The calm and the riches during the reign of 15 successive Tokugawa shoguns fostered an incredible outburst of art--on screens and scrolls and kimonos and textiles and porcelain and lacquer and helmets and woodblocks--in an era that is known as the Edo period in Japan.

Although the Japanese art that is most familiar in the United States, like samurai armor or Katsushika Hokusai's color woodblock print "Great Wave," dates from the Edo period, most of the work of that period is usually out of American sight, kept in Japanese collections and rarely loaned.

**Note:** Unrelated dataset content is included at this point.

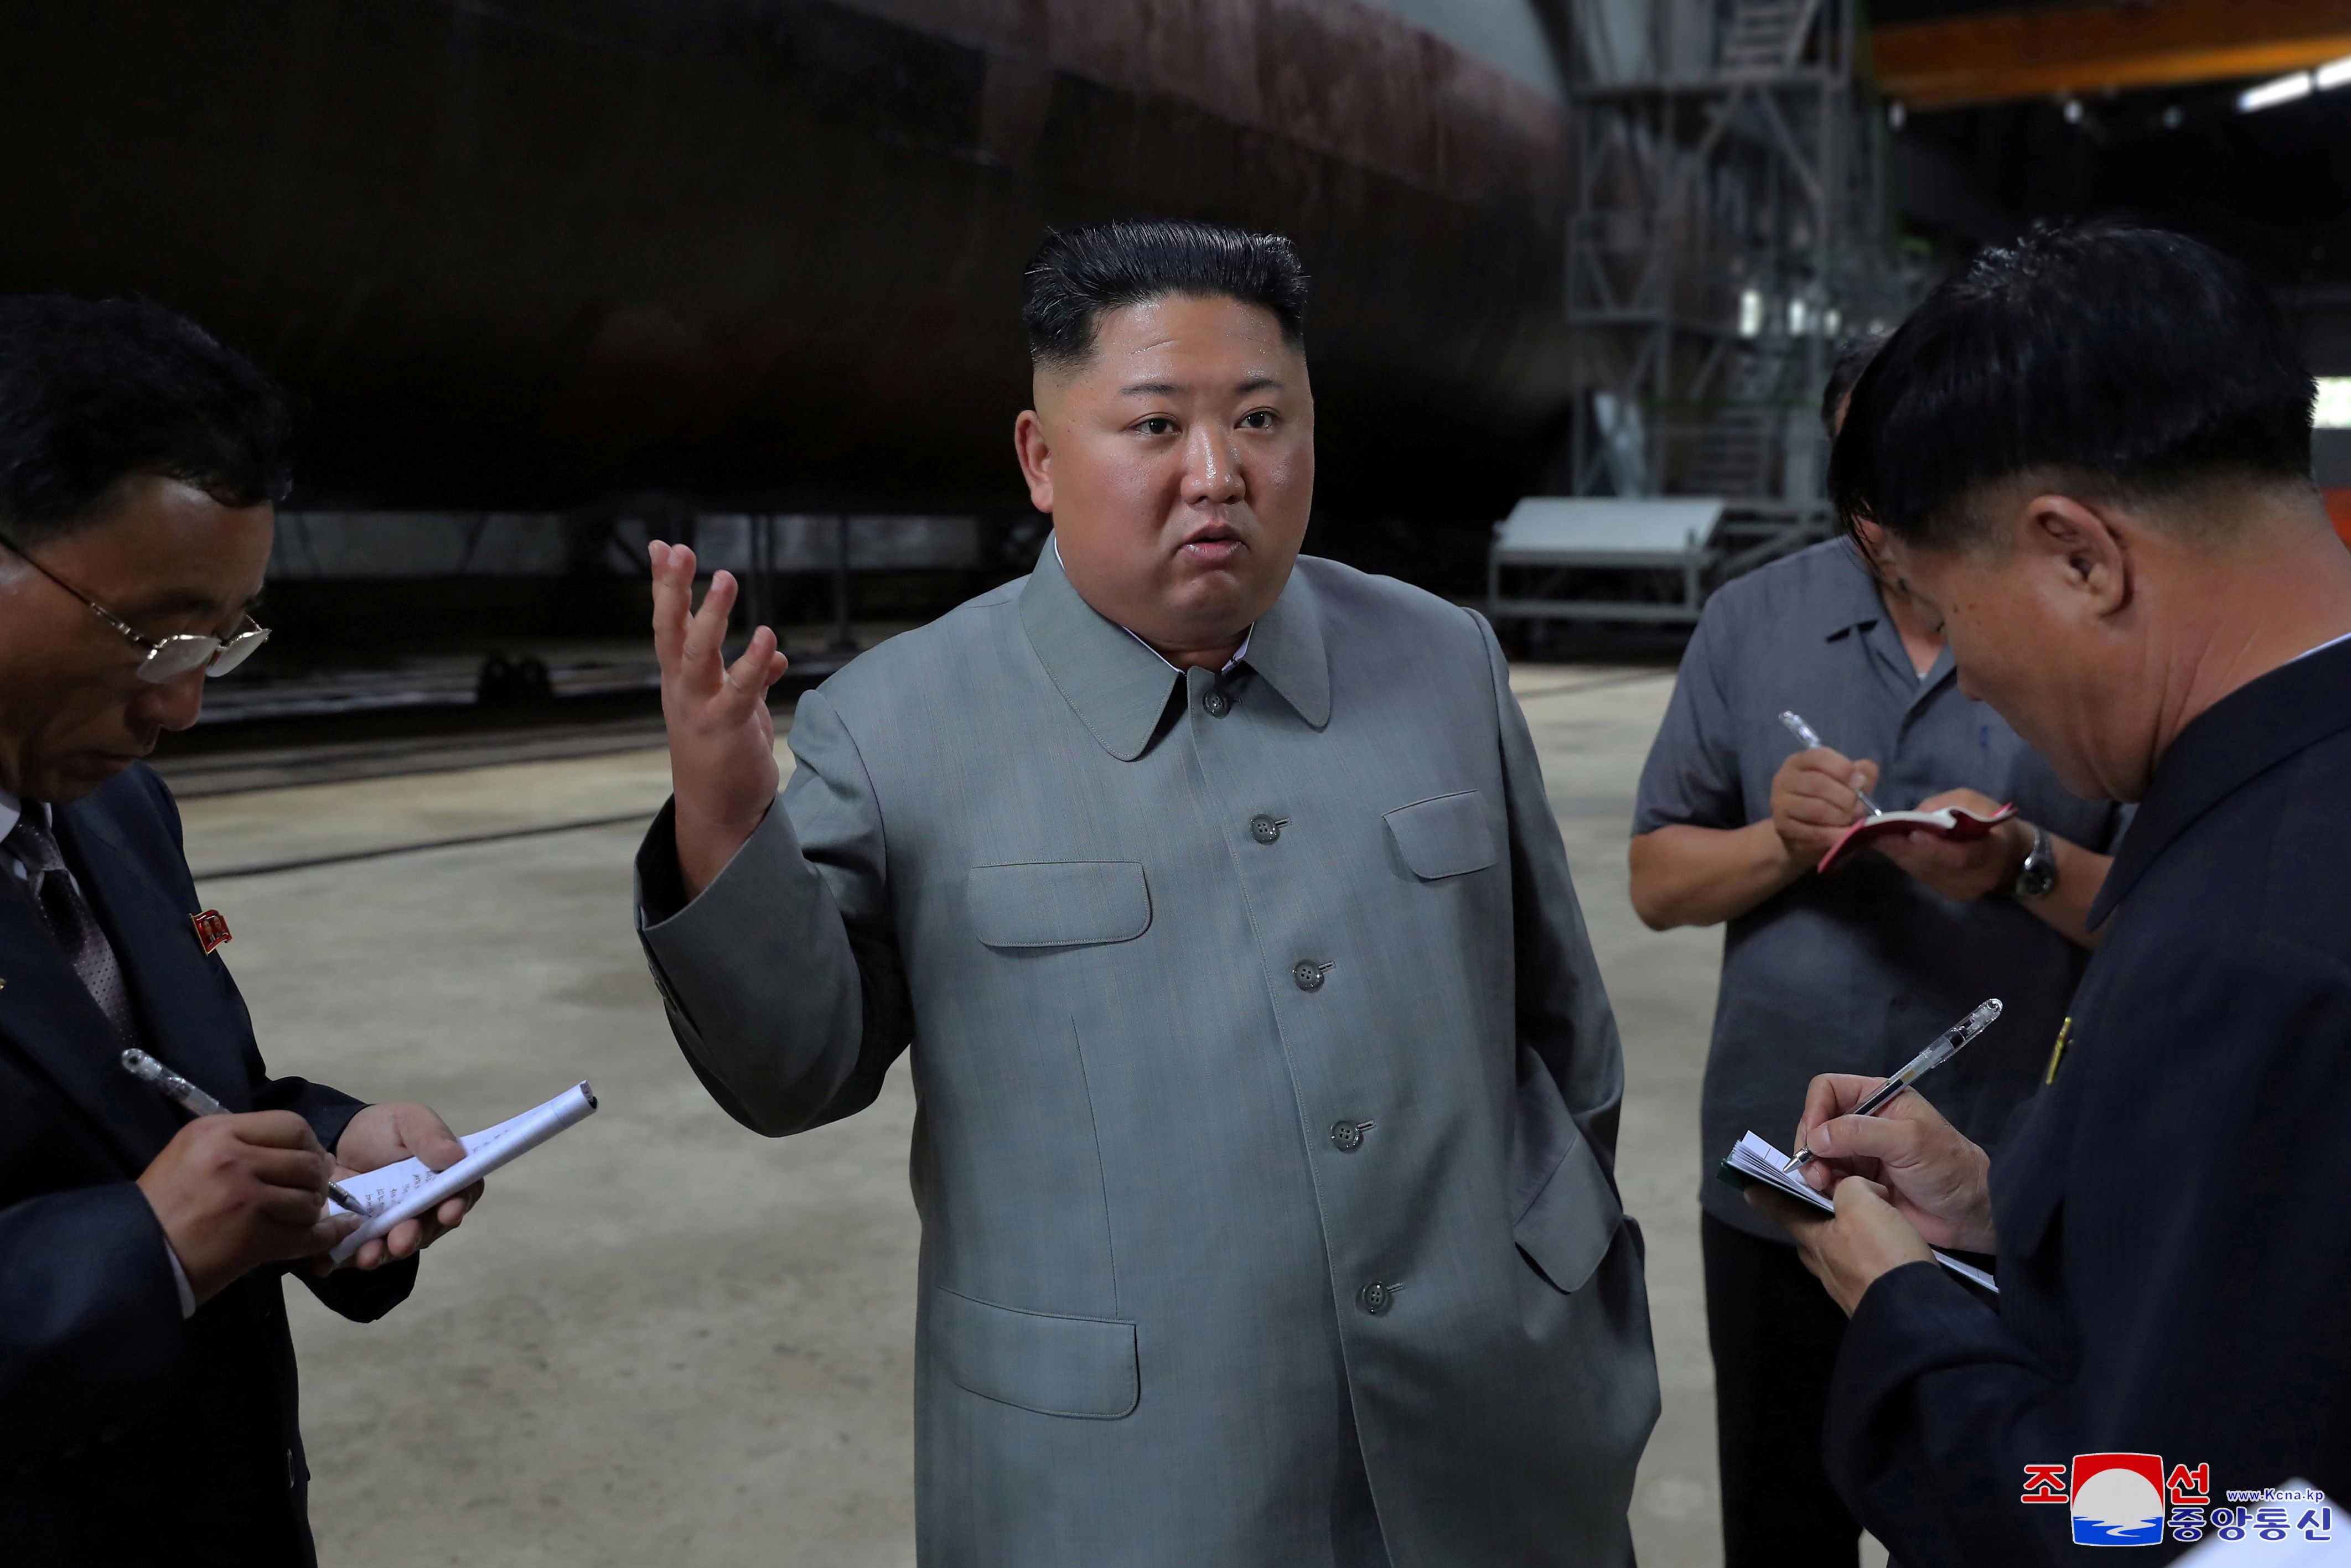 El dictador de Corea del Norte Kim Jong-un durante una visita a una fabrica de submarinos on, North Korea (KCNA via REUTERS)

Americans now have an extraordinary chance to see some of the finest works of Edo in the stunning exhibition "Edo: Art in Japan 1615-1868" that opened at the National Gallery of Art in Washington last Sunday and continues through Feb. 15. The show will not travel.

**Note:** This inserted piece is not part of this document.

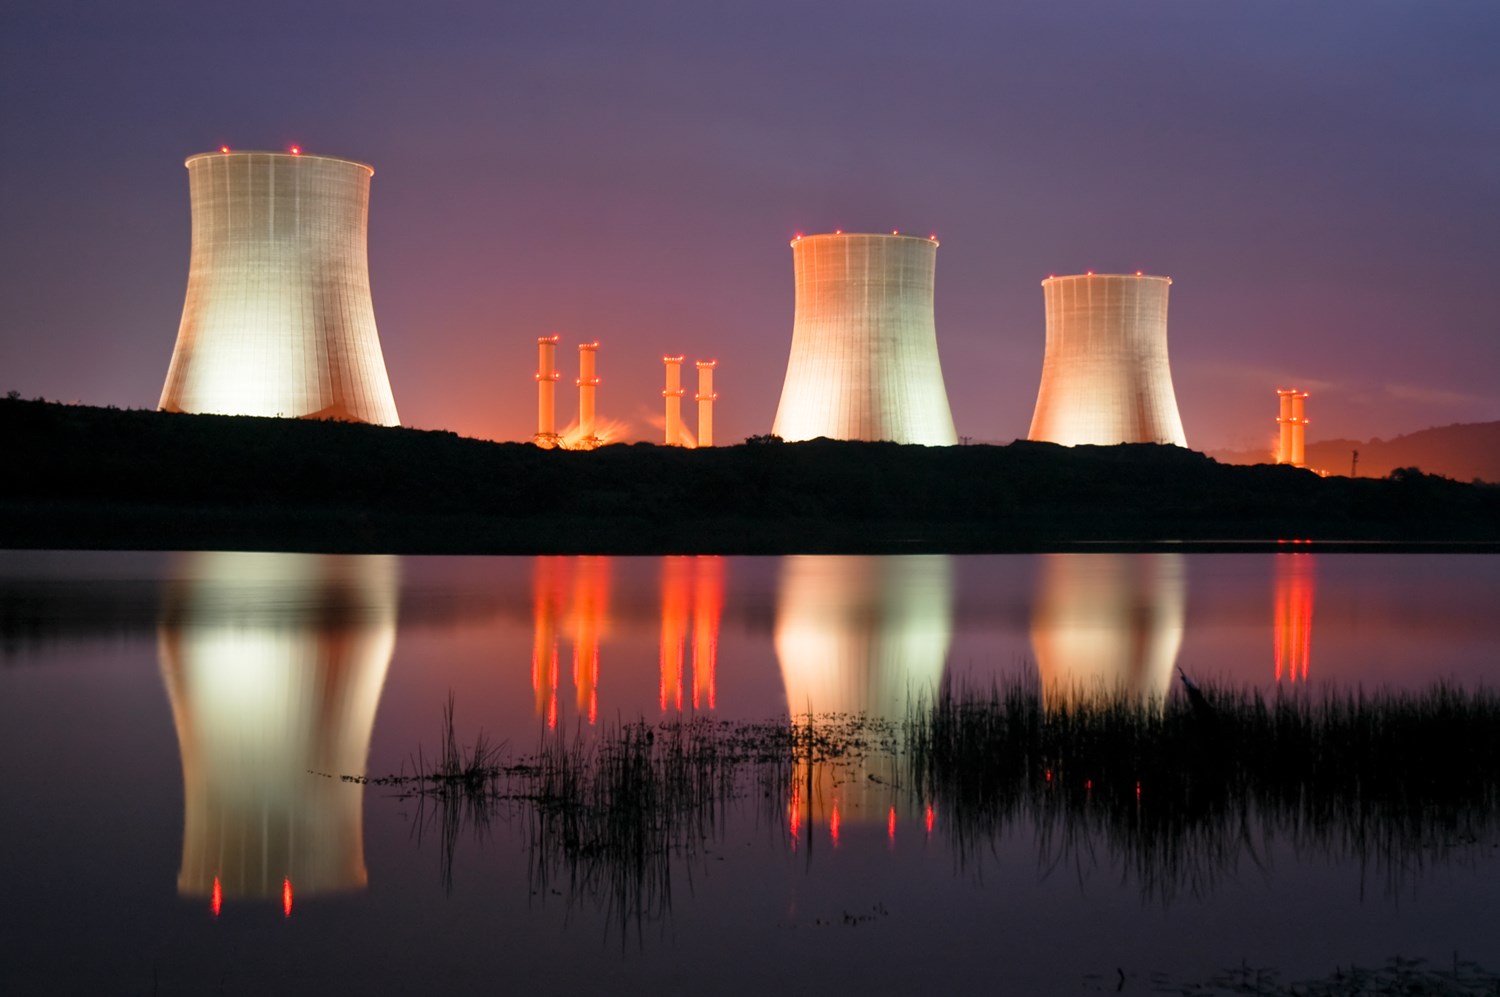 Özbekistan nükleer enerjiye 'Evet' dedi! Ülkenin ilk nükleer santrali 2028’de faaliyete geçecek!

"This is the largest show of Japanese art in this decade anywhere in the world, including Japan," said Robert T. Singer, curator of Japanese art at the Los Angeles County Museum of Art and the guest curator of the Washington exhibition.

Singer, who worked in Japan for 14 years as a research fellow at Kyoto University and as a teacher of Japanese art history before joining LACMA in 1988, spent four years cajoling and begging for the 300 pieces in the show, including 47 that are classified by the Japanese government either as official "national treasures" or as important and fragile enough to require government permission to travel outside Japan.

"I asked for all the great things that I've seen in 25 years," he said in a recent interview in the exhibition galleries. "I called in all my chits. I think I got 98% of everything I asked for. I got things I really didn't expect."

Visitors, however, will only see half of what Singer garnered, unless they come to the gallery more than once. The Japanese have set six weeks as the limit that almost all their pieces can remain on exhibition in Washington. The Japanese are so concerned about the sensitivity of the pieces to light, Singer said, that "they only bring them out for a few days every year in Japan."

Gallery workers will start removing pieces and substituting similar ones in early January. The exhibition will be almost completely different by Jan. 12. That may cause some confusion. A visitor this week may be puzzled by the failure to find the 17th century Hikone screen featured on the cover of Singer's massive catalog. The screen, which has never before left Japan, will not emerge in the exhibition until January.

"It's like having two exhibitions in one," said Singer. "It's great for curators."


The Edo period takes its name from the town of Edo, which served as the military headquarters for the shoguns while figurehead emperors remained in the imperial capital of Kyoto. The shogun Tokugawa Ieyasu had expelled the Christian missionaries, and his successors tried to keep Japan isolated from the rest of the world. This shut out most Western influence at a time of growth and exuberance. Encouraged by an emerging, wealthy merchant class that wanted, and could pay for, stylish objects for beauty and prestige, the arts flourished throughout Japan.

In a time of rapid urbanization, the population of Edo soared, reaching more than a million in 1720, probably making it the largest city in the world. Although other Japanese cities also prospered and produced a bounty of art, the city of Edo dominated and stamped its name on the era. The authority of the shogun weakened in the mid-19th century, partly because the shogun of the time accepted American demands to open up Japanese trade. The power of the emperor was restored in 1868, and the imperial court moved to Edo and changed the city's name to Tokyo or "eastern capital."

Organizing the exhibition posed problems for Singer because of the extent and variety of the Edo period. "It's like doing a show in Western art from the Renaissance to the modern age," he said.

Rather than separate the objects by art forms--putting porcelain, textiles and woodblock prints, for example, in different rooms, Singer decided to divide the exhibition by themes: ornament; samurai; work; religion and festivals; travel, landscape and nature; and entertainment.

"The Japanese do not separate fine art and decorative art," said Singer. "That's a Western idea. In Japan, there is no distinction." The same artist might paint porcelain as well as a scroll, and Singer wanted both works in the same room.